The Prime Minister of Albania has said Britain should look to its own “failed policies on borders and on crime” for the root cause of the Channel boat migrants crisis, instead of “scapegoating” his countrymen in particular.
“It’s not about one person. It’s about the climate that has been created, and it’s about finding scapegoats and blaming others,” said Prime Minister Edi Rama in response to the BBC asking him for his thoughts on Home Secretary Suella Braverman’s use of the word “invasion” to describe the ongoing Channel influx.
“It’s not about Albanians or aliens or gangsters, but it’s about failed policies on borders and on crime,” he said, not entirely without justification, given the British government has in recent years accepted dubious asylum claims at far higher rates than comparable European Union government — in the case of Albanians, in particular, Britain has in recent years accepted 52 per cent of asylum claims, while France accepted only 8 per cent, and Germany and Sweden, despite their soft touch reputation, accepted zero.
Similarly, French president Emmanuel Macron has previously said that Britain should accept more “responsibility” for the Channel crisis due to its failure to “limit its economic attractiveness” to migrants, highlighting in particular the thriving black economy that migrants who cross the Channel are able to profit from.

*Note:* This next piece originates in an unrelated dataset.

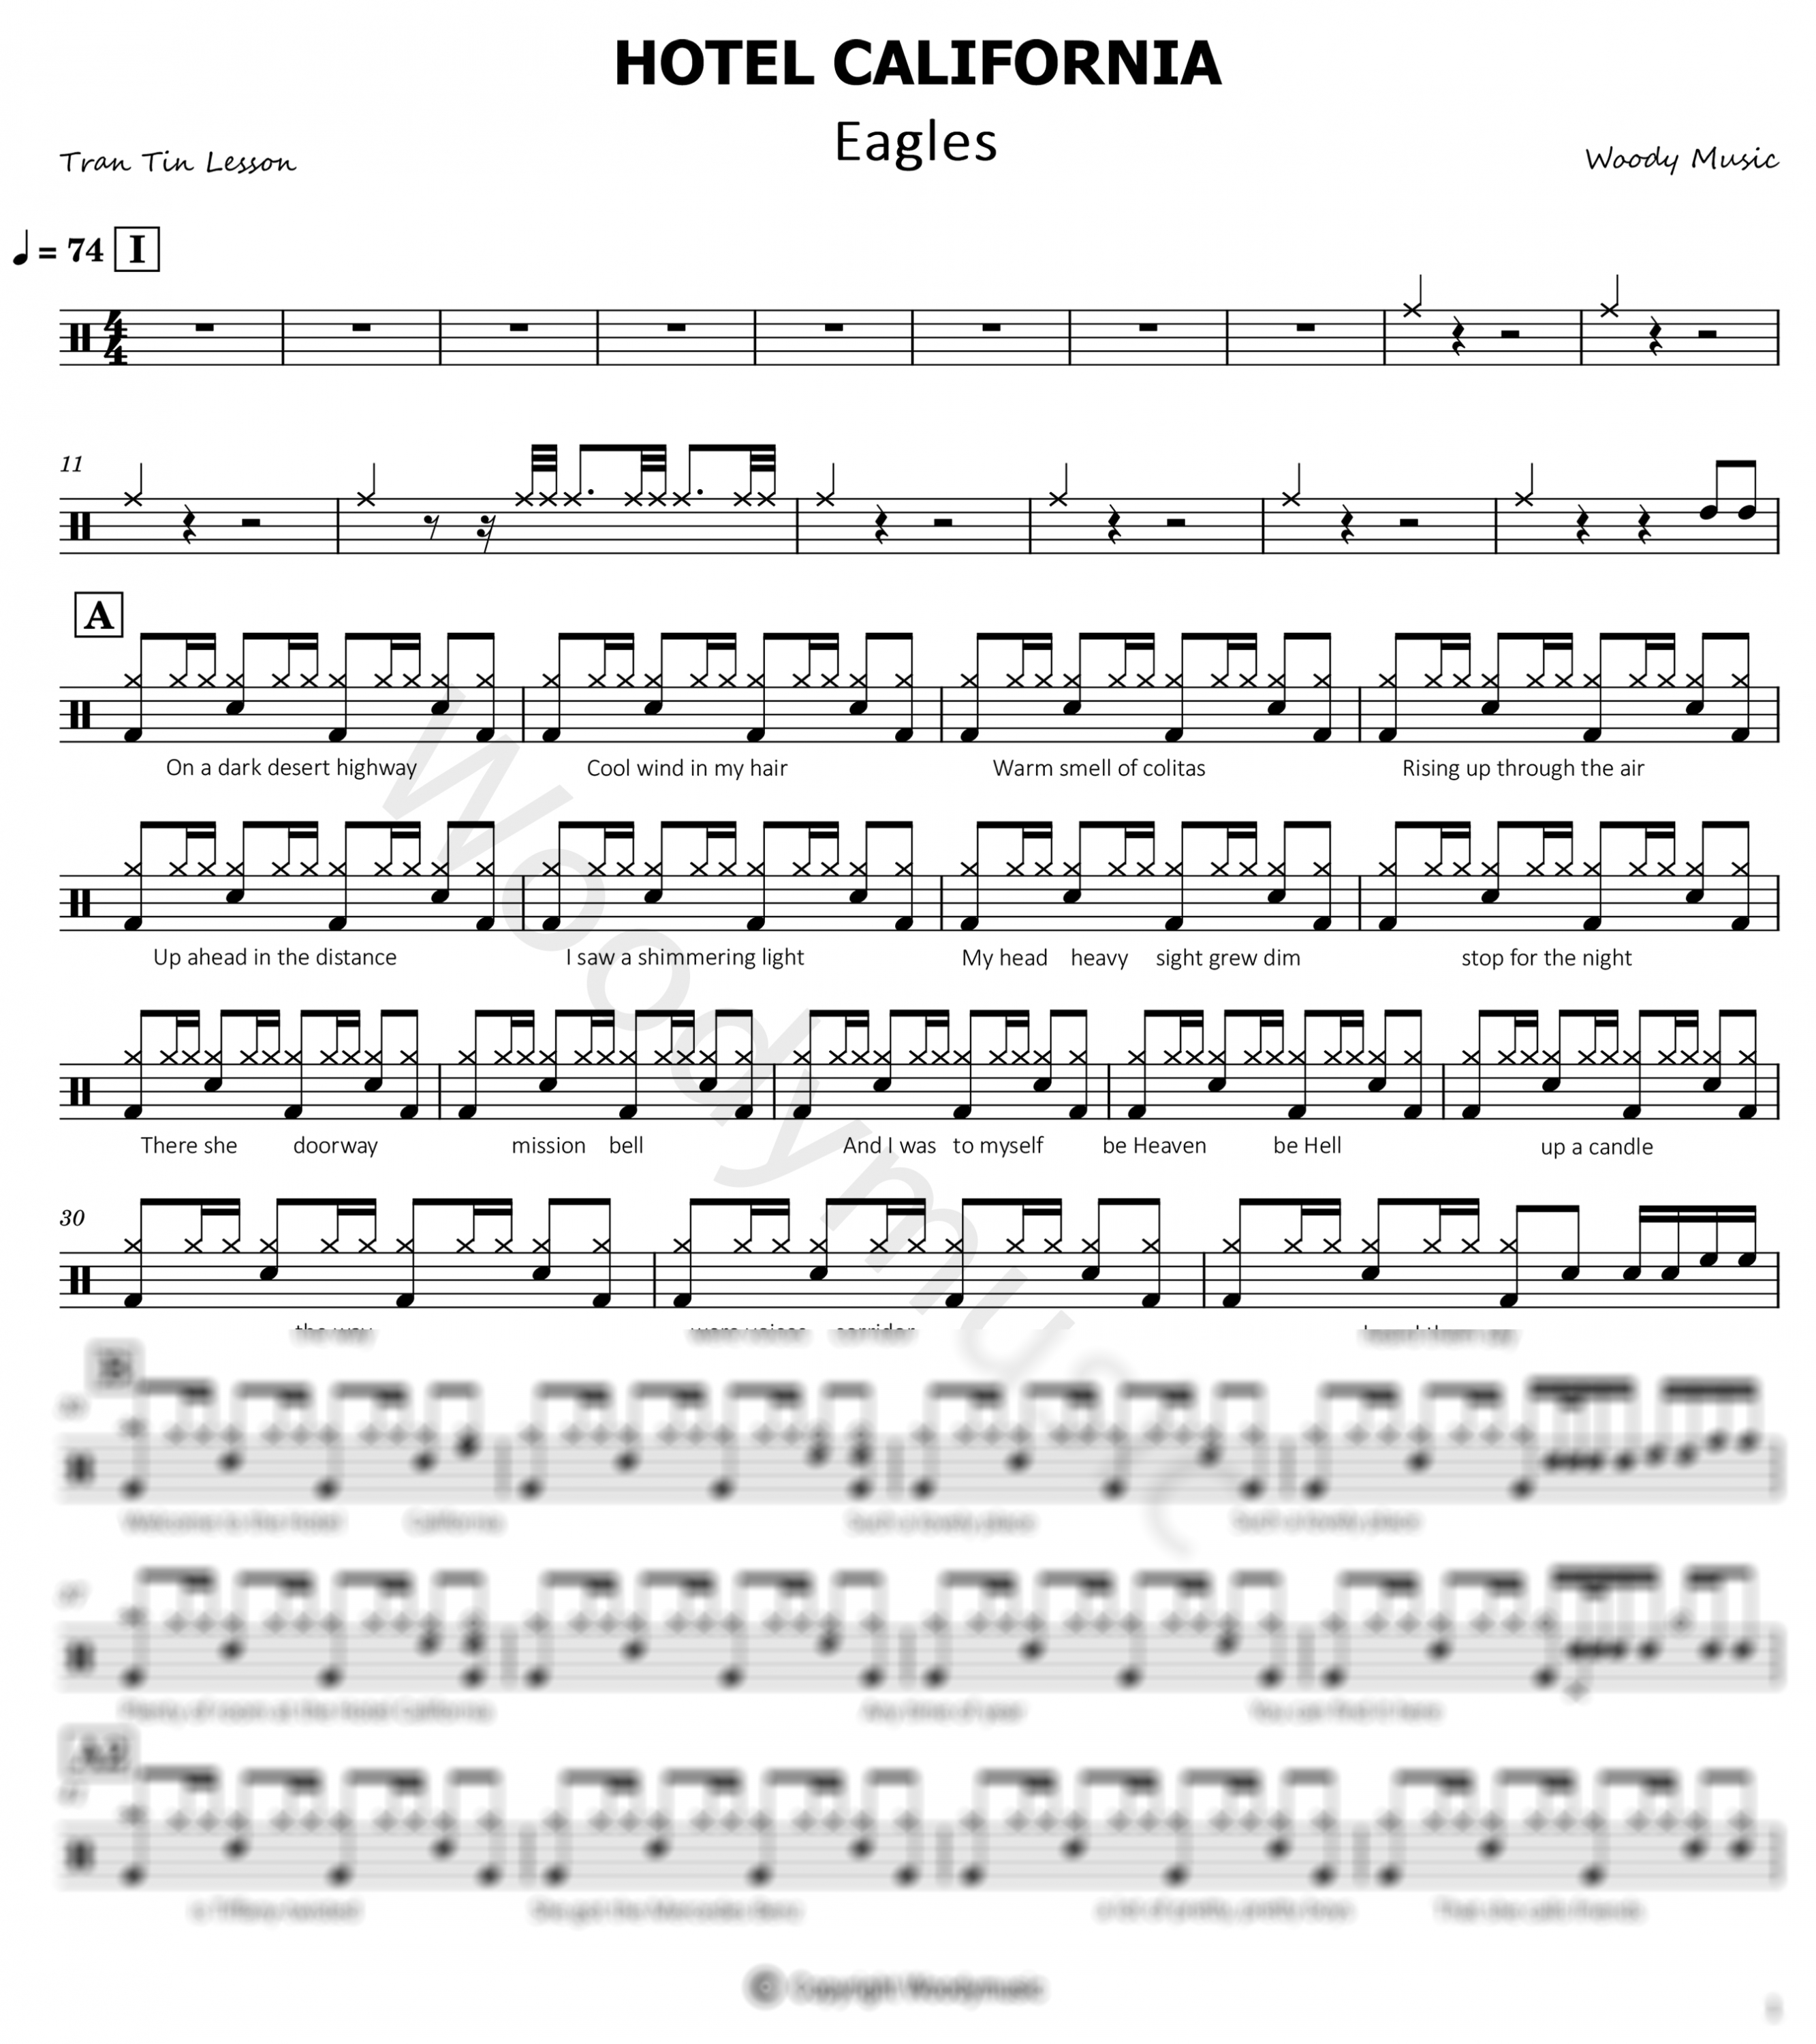 Hotel California - The Eagles (★★★★☆) | Drum Cover, Score, Sheet Music, Lessons, Tutorial

Rama was noticeably tetchy in much of the rest of his BBC interview, intimating that the Britsh government’s rhetoric on Albanian illegal immigrants was not only lacking in substance but, in his view, discriminatory.
“This kind of language is not a policy, is not a programme, is not a vision. [It] is nothing but fuelling xenophobia and targeting, singling out a community,” he said of the “invasion” remarks.
“I admire everything that Britain represents. But I really am disgusted about this kind of politics that at the end is doomed to fail,” he added.
Britain’s so-called Clandestine Channel Threats Commander recently told Parliament that up to two percent of the “entire adult male population” of the Muslim-majority Balkan country have landed in the United Kingdom by boat, later clarifying that this figure referred to the segment of the Albanian population aged between 20 and 40.